The Consumer Privacy Project (CPP) engages in research, policy work, and tool-building in an effort to enhance privacy online. The Disclosure by Design project, for instance, featured in the New York Times and New York Times Magazine, seeks to apply human-computer interaction research and experimentation to consumer problems. Another example is Privicons.org—an international collaboration that seeks to reduce the incidence of email privacy violations through a set of “washing instructions for email.” CPP helped design a set of icons and a browser plug-in for people to express how they want their emails to be used by others.

CPP also recently launched WhatApp.org, a review website for the privacy, security, and openness of online and mobile apps. Thirty experts rate and review hundreds of apps added by a growing volume of users.

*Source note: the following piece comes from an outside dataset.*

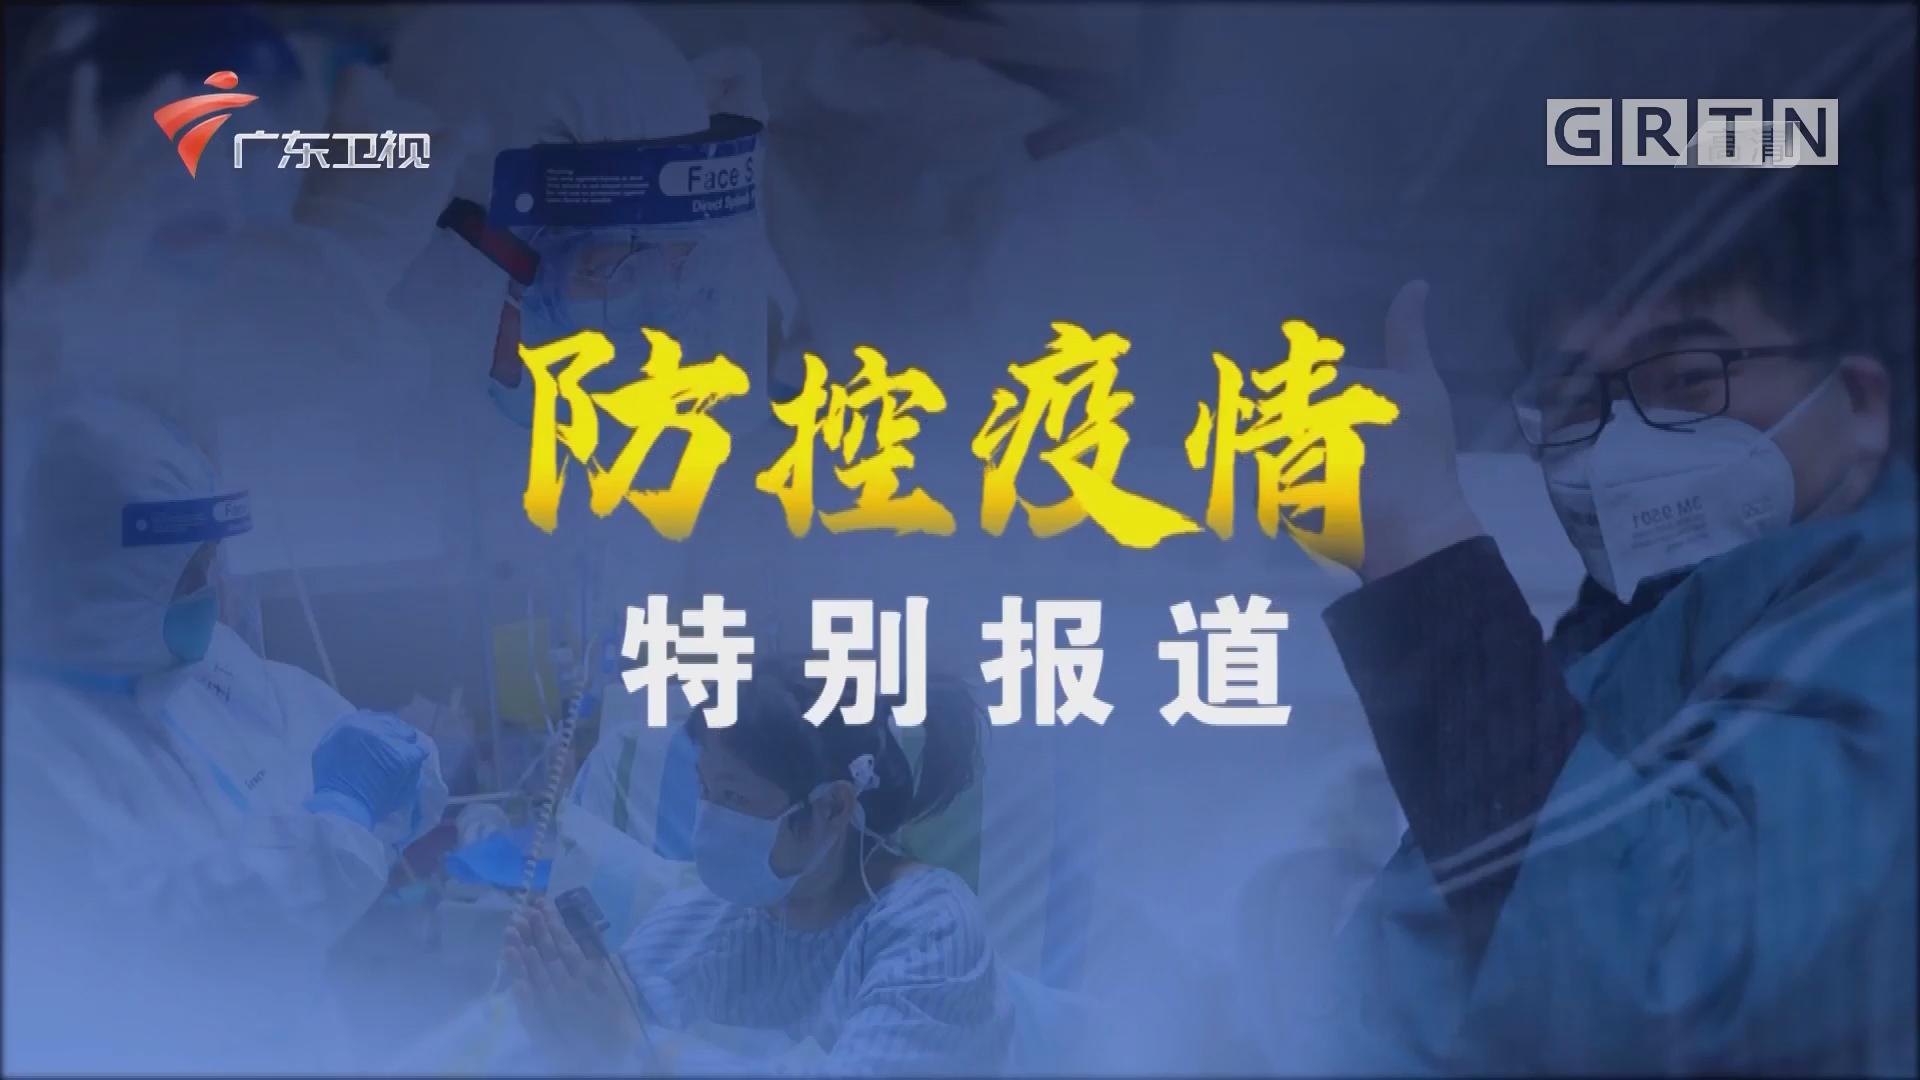 [HD][2020-04-01]防控疫情特别报道:李希到汕头调研检查疫情防控和经济社会发展工作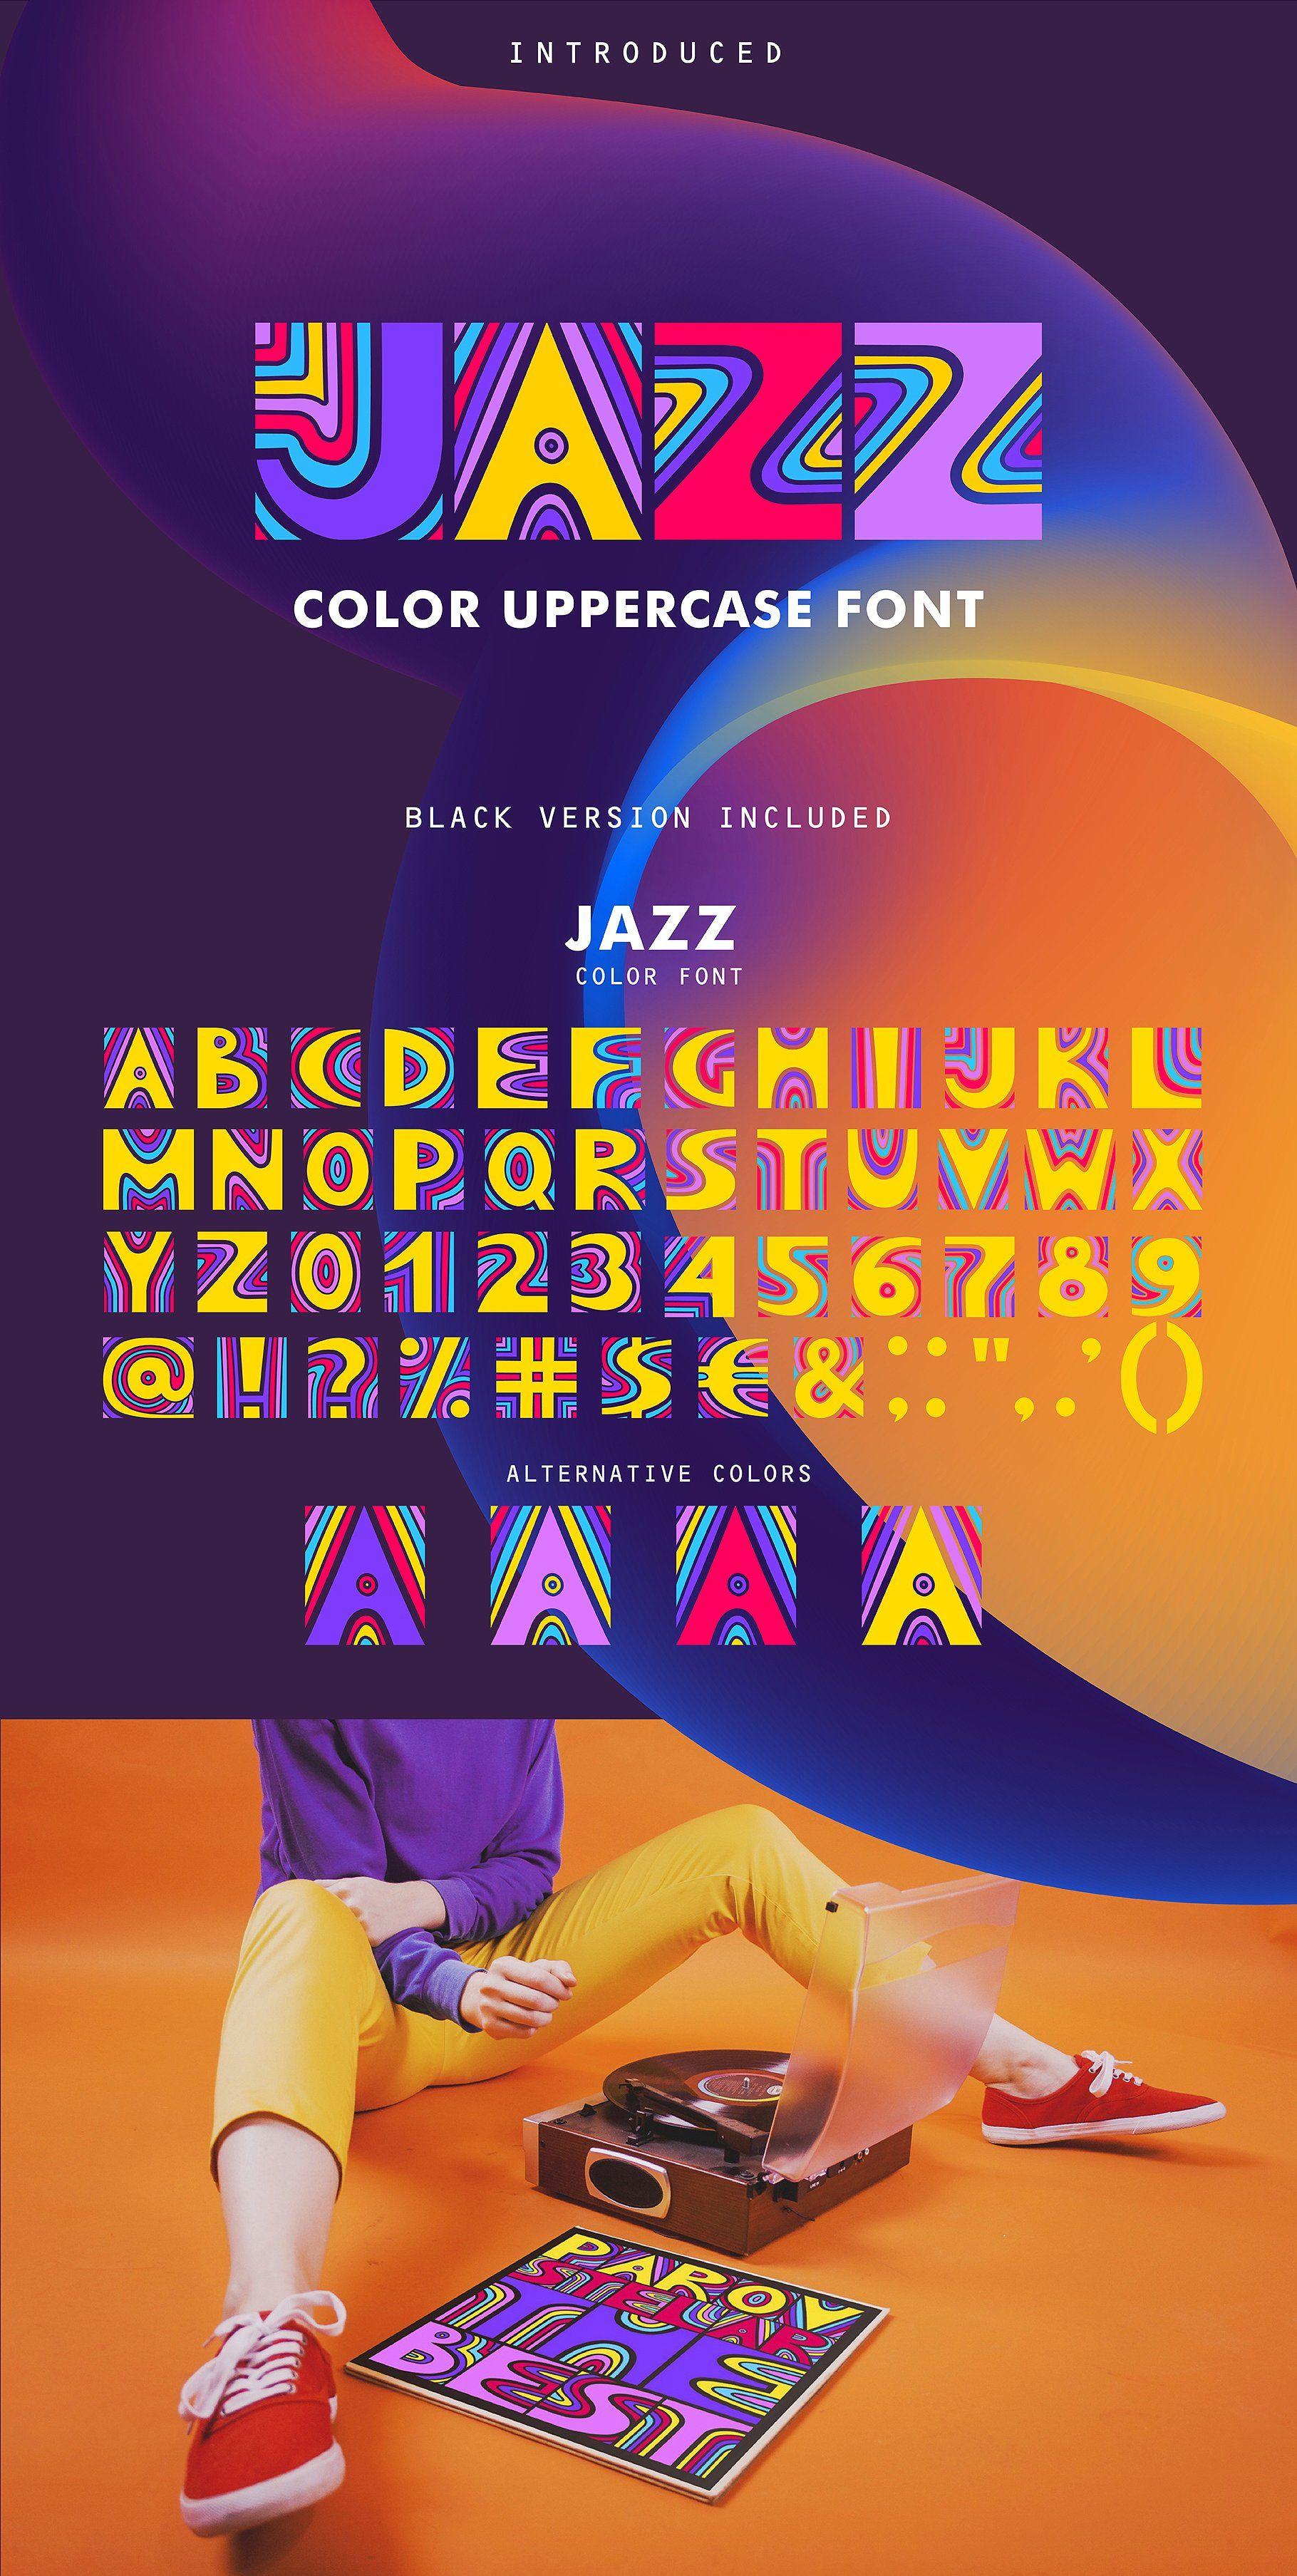 JAZZ SVG Color Font Jazz colors, Photo overlays, Music

WhatApp.org has been covered by the Associated Press, Forbes, SmartMoney, the San Francisco Chronicle, and many other news outlets and blogs. Over two thousand websites link to it, including for a time the California Office of Privacy Projection.

CPP regularly engages in policy discussions around consumer privacy with companies and state and local governments. Occasionally, CPP helps others participate in agency or other legal proceedings. For instance, CPP field an amicus brief in the 9th Circuit on behalf of David Clark and David Reed—two of the primary architects of the Internet—in defense of email privacy. Finally, CPP brings in speakers from all over the world, including then EC Commissioner Meglena Kuneva and then FTC Commissioner Pamela Jones Harbour.